Вильгельм Хёттль - Секретный фронт. Воспоминания сотрудника политической разведки Третьего рейха. 1938-1945
В тот же день жена Муссолини Рашель с двумя младшими детьми, Романо и Анной Марией, были освобождены из-под домашнего ареста командой нашей секретной службы и благополучно доставлены по воздуху в Мюнхен. А находились они в Рокка-дель-Каминате посреди дремучего леса в доме, служившем долгие годы местом отдыха дуче и его семьи. Там они содержались полностью отрезанными от внешнего мира под охраной карабинеров. Старший сын Муссолини, Витторио, ранее сумел бежать в Германию. Таким образом, вся семья была благополучно вырвана из лап нового итальянского правительства.

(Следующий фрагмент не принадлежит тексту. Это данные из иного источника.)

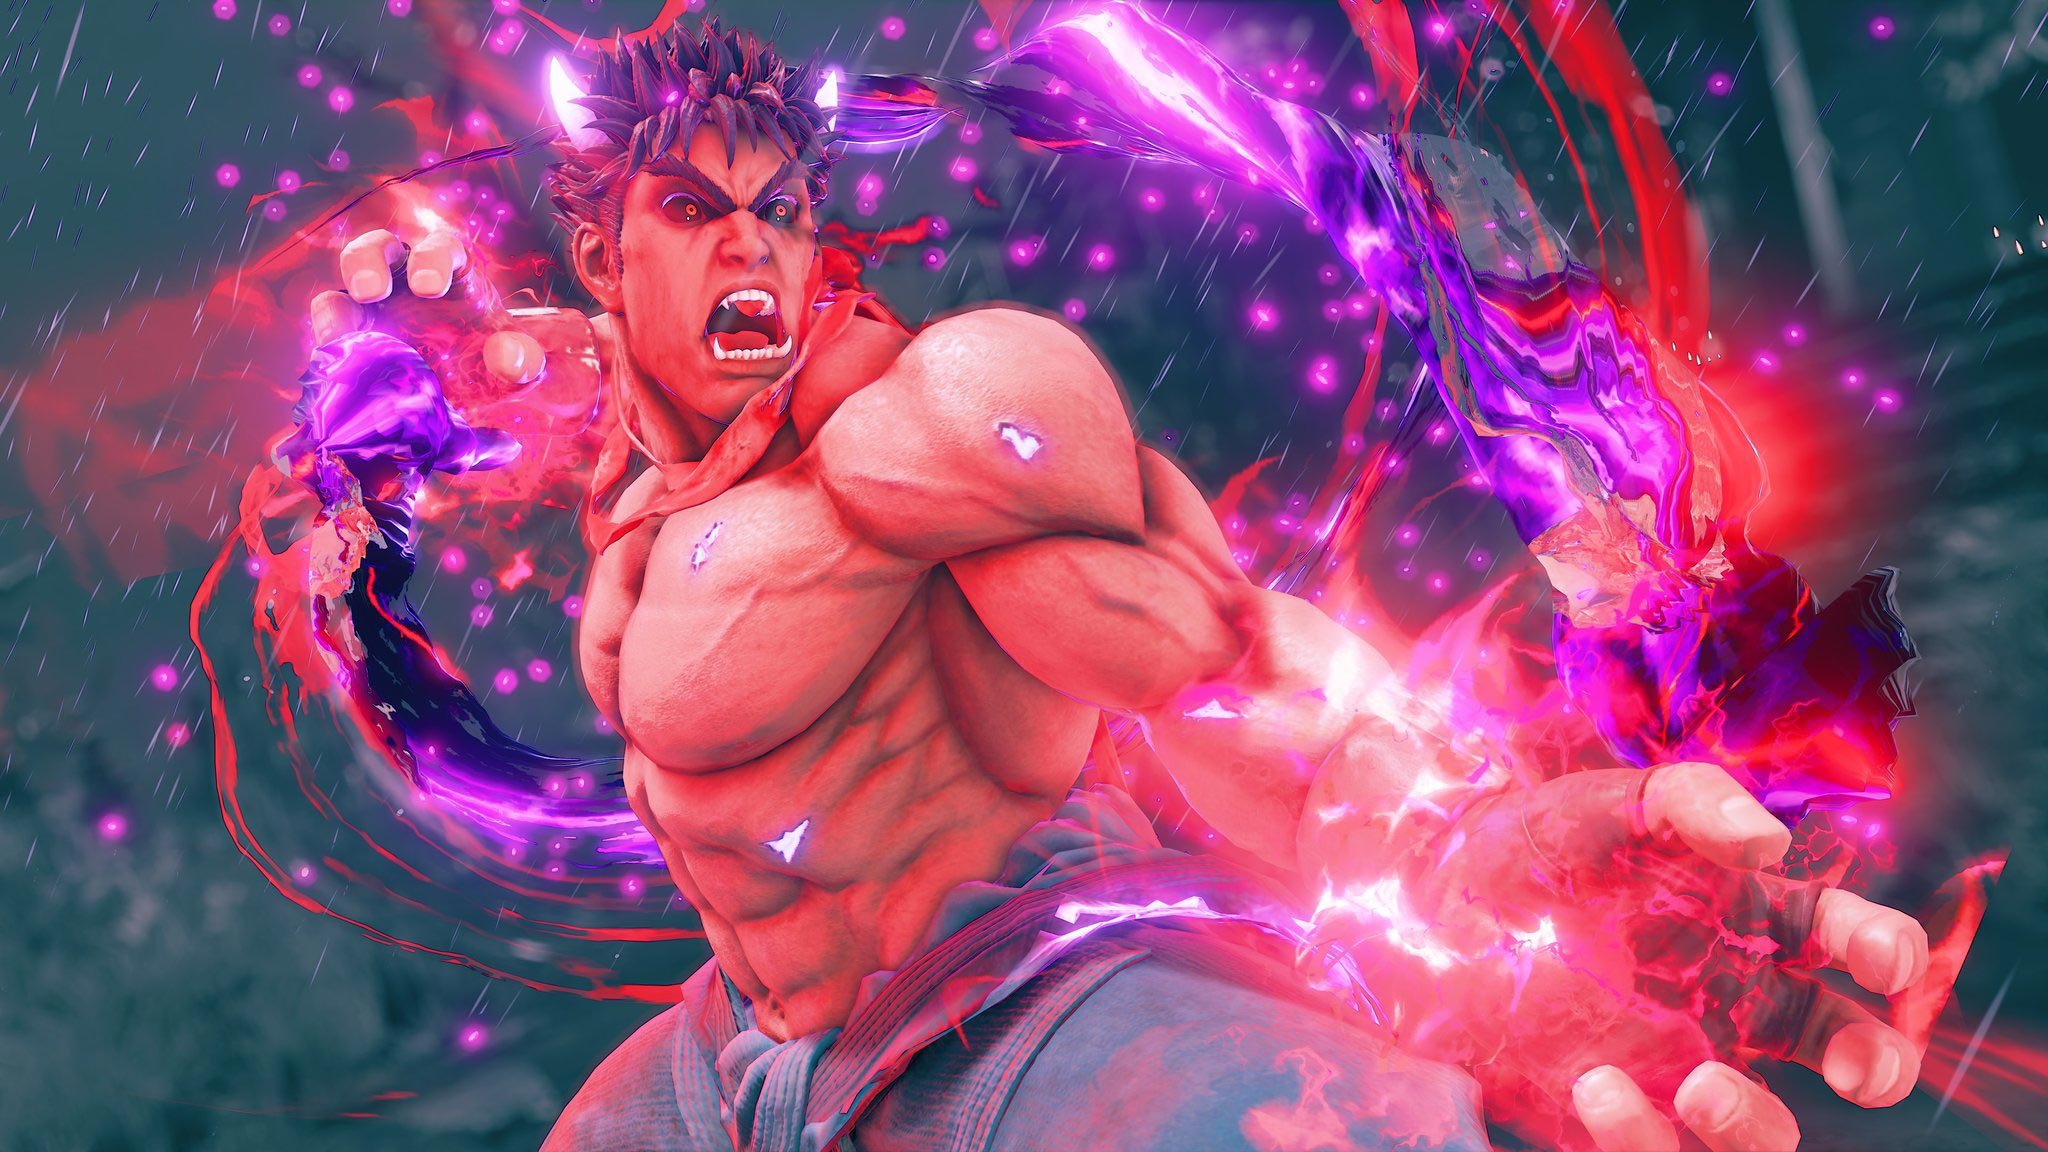 Eden's Street Fighter stills 8 out of 12 image gallery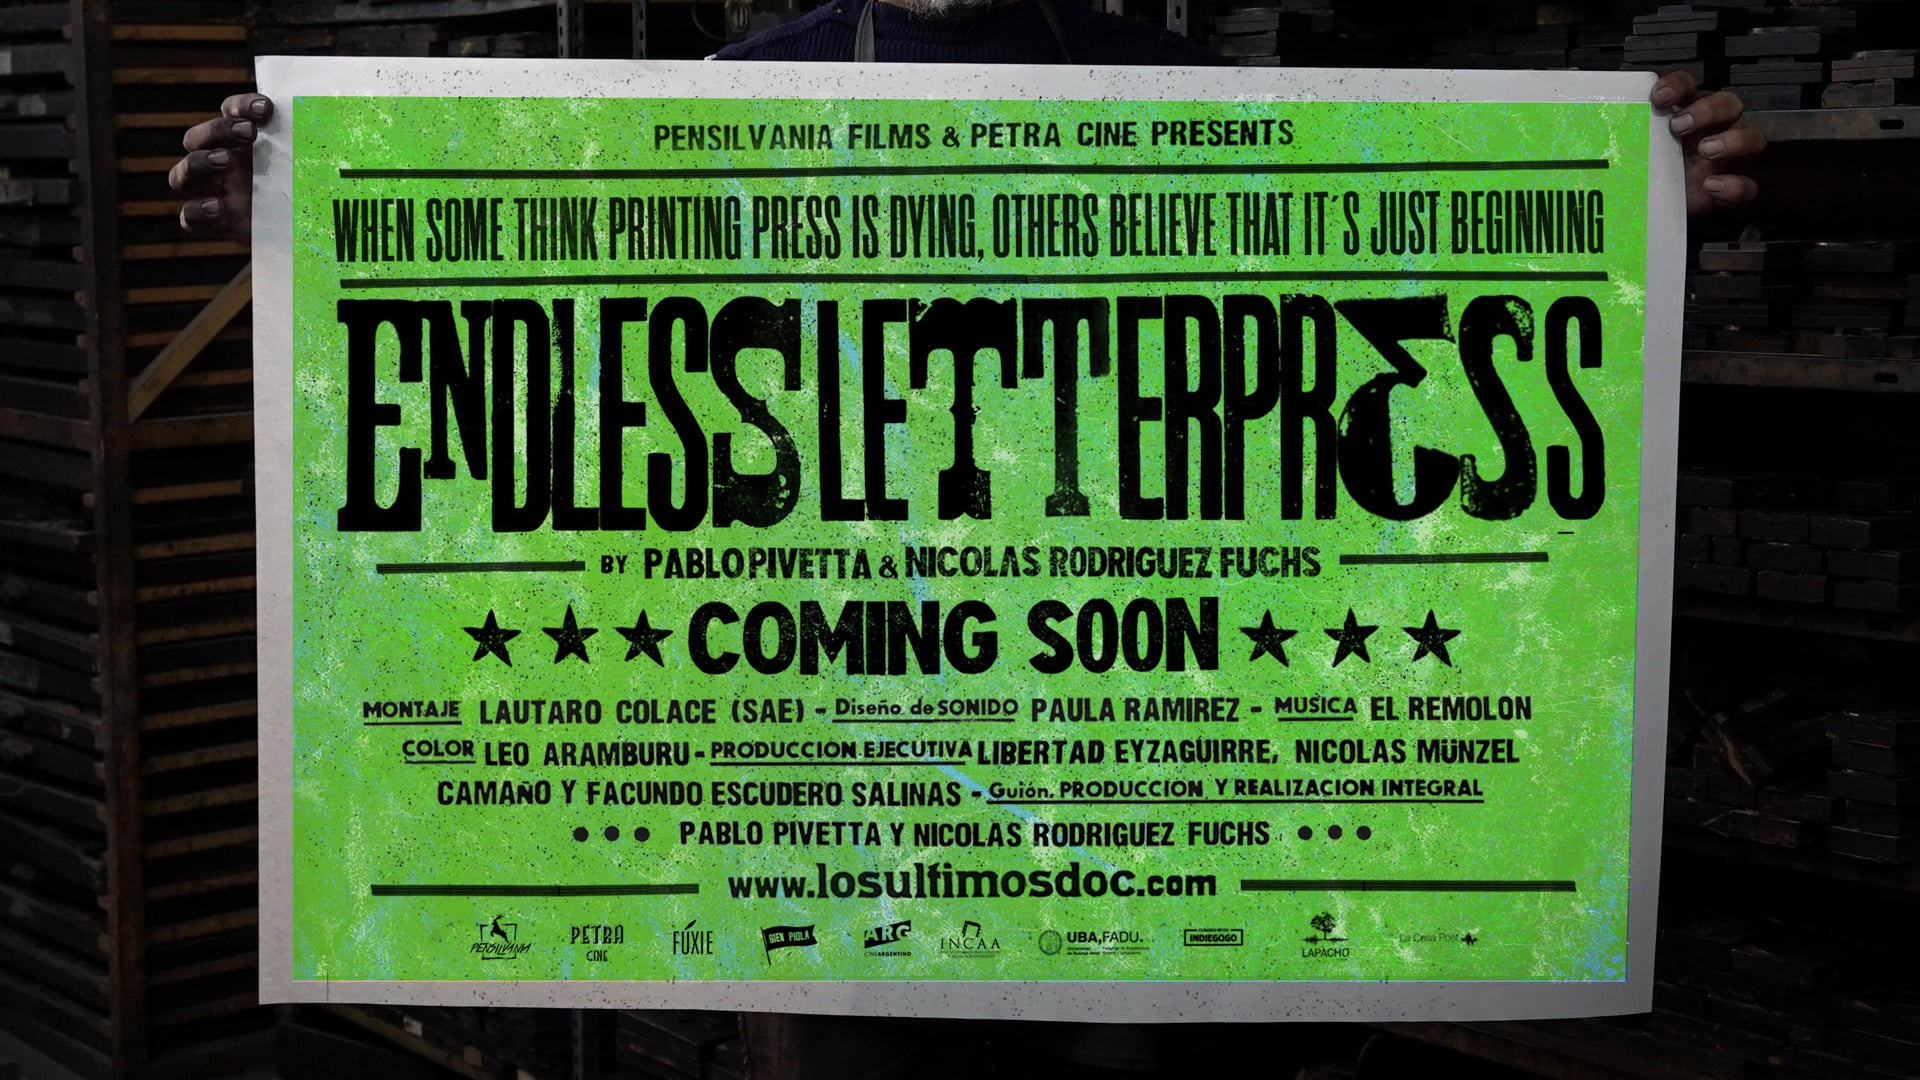 Los Ultimos / Endless Letterpress - Trailer 2018

Во время путешествия Муссолини в Германию Скорцени порылся в багаже дуче и нашел небольшую записную книжку, которая затем привлекла внимание немецкой секретной службы. Это была обычная записная книжка, которыми пользовались итальянские школьники, исписанная рукой Муссолини. По всей видимости, он раздобыл ее во время пребывания на острове Понца. Беглого взгляда было достаточно, чтобы определить, что это – своеобразный дневник, который он вел, находясь пленником на Понце и Маддалене. Дневник бы перефотографирован, переведен и вручен Гитлеру. Этот человеческий и исторически ценный документ был сохранен, несмотря на строжайшее распоряжение Гитлера об уничтожении всех досье и документов. Отдельные выдержки из него привожу в следующей главе книги.
Гитлер требовал, чтобы переводы всех иноязычных документов выполнялись дословно – опасаясь, видимо, что переводчик может использовать представившуюся ему возможность, чтобы тайком вставить в текст соображения, которые не осмелился бы выразить обычным путем. Поэтому дневник Муссолини переведен на немецкий язык слово в слово. Хотя оригинал дневника и утерян, думаю, что в переводе сохранена вся самобытность мыслей и выражений автора.
Глава 14
РАЗМЫШЛЕНИЯ ДИКТАТОРА
Вот записи Муссолини, сделанные им во время заключения на островах Понца и Маддалена в августе 1943 года, которые были обнаружены Скорцени в багаже дуче.
25 июля 1943 года
По окончании заседания большого совета, около 2.30 ночи, я направился в свой кабинет в сопровождении Скорцы, Буффарини, Трингали, Биггини и Галбиати. Мы обсудили законность положений, по который пришли к общему согласию, но меня в основном интересовал не этот вопрос. Скорца, выступавший последним и произнесший в общем-то бесцветную и неубедительную речь, испросил моего разрешения проводить меня до дома, на что я согласился. Теперь, когда я оцениваю прошлое поведение Скорцы в различных ситуациях, у меня возникает предчувствие дурного. Заключительная часть его речи в Адриано, в которой он разглагольствовал о возможности «ухода» с соблюдением соответствующих почестей, произвела дурное впечатление на различные круги общественности.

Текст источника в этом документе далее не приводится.